From our research: Read OWASP Agentic AI Top 10 for the control patterns that map to prompt injection, tool misuse, and agent scope drift.

What this signals

Inline enforcement is becoming the practical control plane for agent governance: when agents can be triggered by untrusted content and then reach into business systems, post-event logging is not enough. Security teams should expect runtime policy, connector-level controls, and owner accountability to become the baseline for production use, especially where agent behavior crosses email, CRM, and shared workflow tools.

Behavioural controls now sit beside identity controls: the platform may authenticate the agent, but governance succeeds only if the organisation can also prove who created it, what it can invoke, and how far its action set can expand during a session. That is why agent inventories, approval workflows, and policy enforcement need to be connected rather than managed as separate silos.

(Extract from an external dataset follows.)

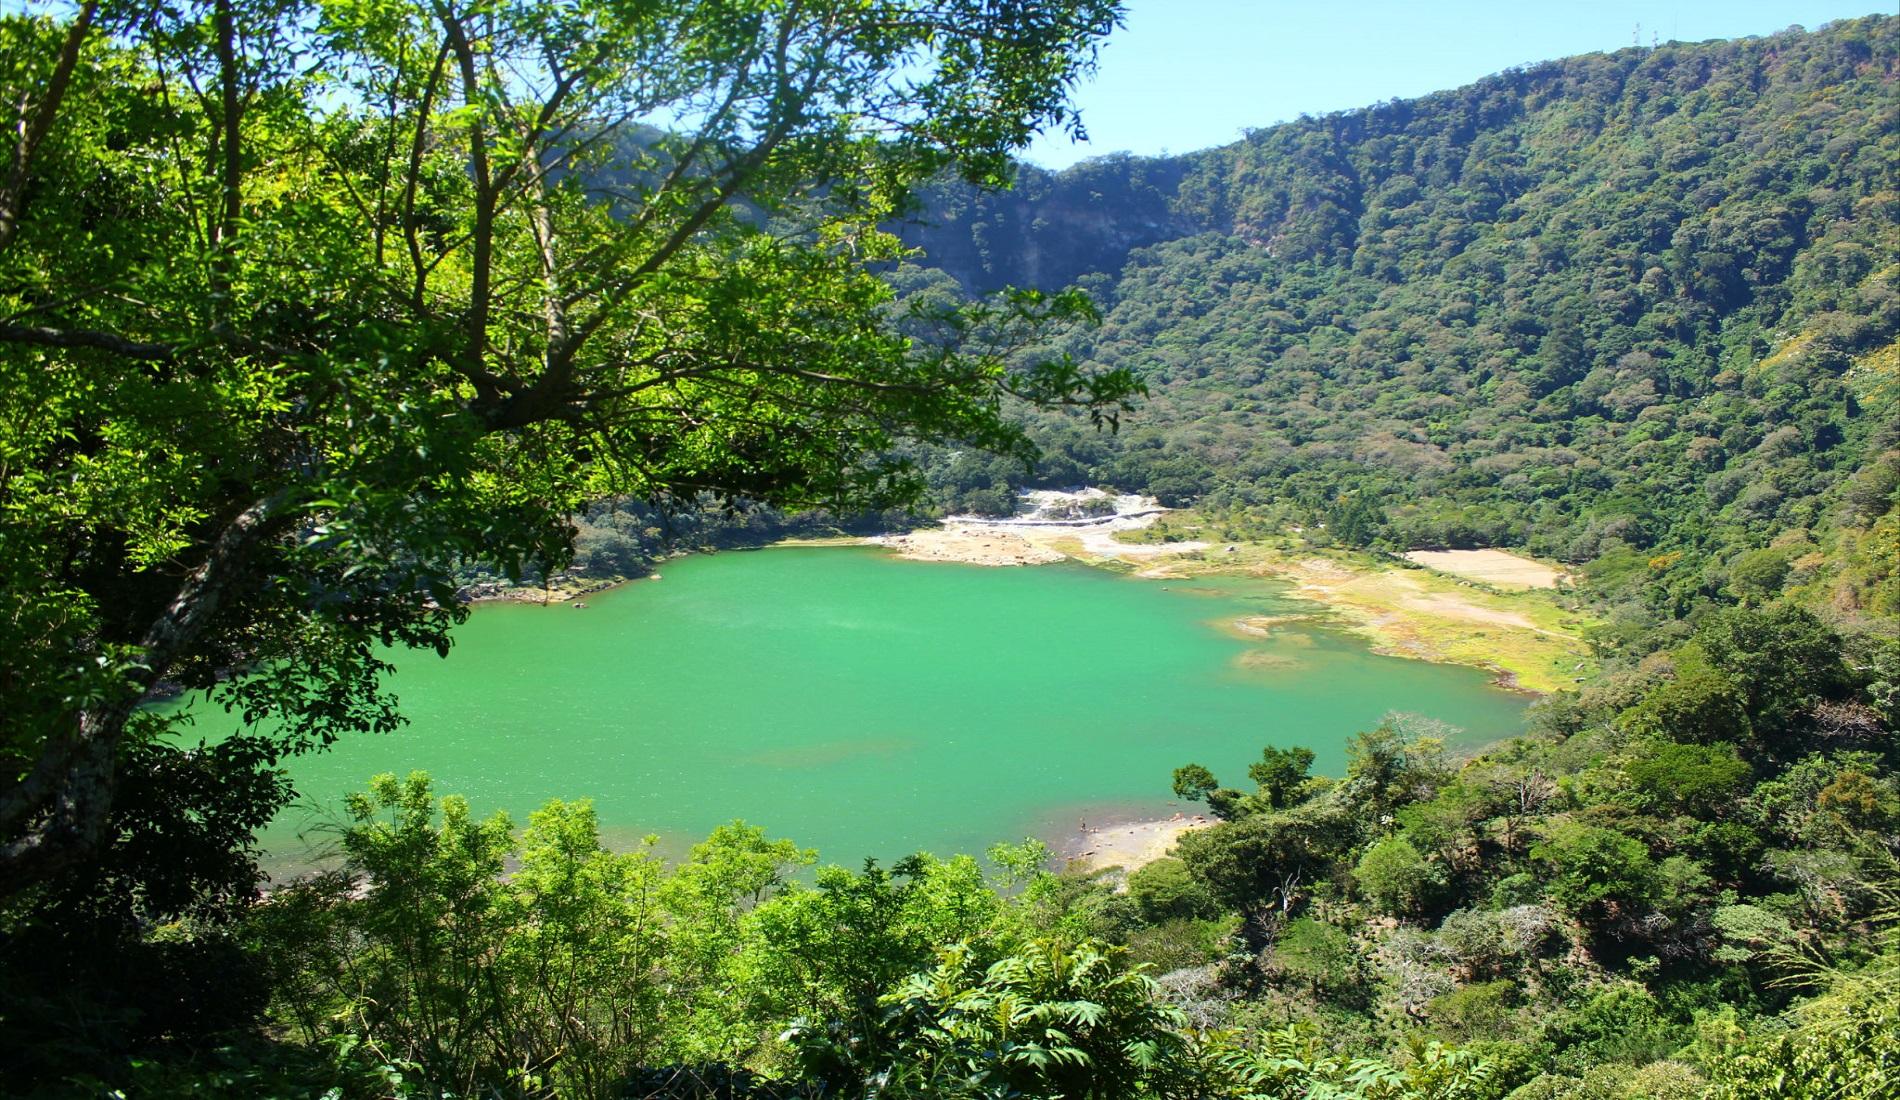 Lake Alegria El Salvador

With 80% of organisations reporting agent actions beyond intended scope, the governance gap is no longer about experimentation. It is about whether production agents can be prevented from turning routine messages into high-impact system actions.

For practitioners

Classify every agent trigger path Map whether the agent can be activated by public flows, email, chat, or other untrusted inputs, then disable any path that can reach sensitive tools without review. Treat trigger exposure as an access decision, not just a workflow setting.
Enforce runtime policy at tool invocation Block or step up high-risk actions before the tool call executes, especially for CRM writes, email sends, and cross-system reads. The control point is the invocation boundary, where intent can still be evaluated.
Build an agent inventory with real ownership Record who created each agent, which identities and connectors it uses, and what data it can reach. Require that inventory before production use so security teams can identify hidden privilege and shadow AI.
Separate trusted data from executable instructions Filter or sanitize external content before it reaches the agent’s reasoning loop, especially if the content comes from customers, partners, or anonymous users. The goal is to prevent untrusted text from becoming policy-breaking behaviour.
Monitor for tool chaining and scope drift Track whether an agent moves from a narrow task into broader reads, writes, or delegations during a session. Escalate when tool use expands beyond the original business purpose or owner-approved scope.

Key takeaways

AI agents create a new governance problem when untrusted content can be converted into privileged action through tool invocation.
The article’s evidence shows that public flows, unauthenticated chat inputs, and connected business systems can expose sensitive data without any credential theft.
Practitioners need runtime policy enforcement, trigger-path control, and agent inventory discipline before broad deployment becomes a security liability.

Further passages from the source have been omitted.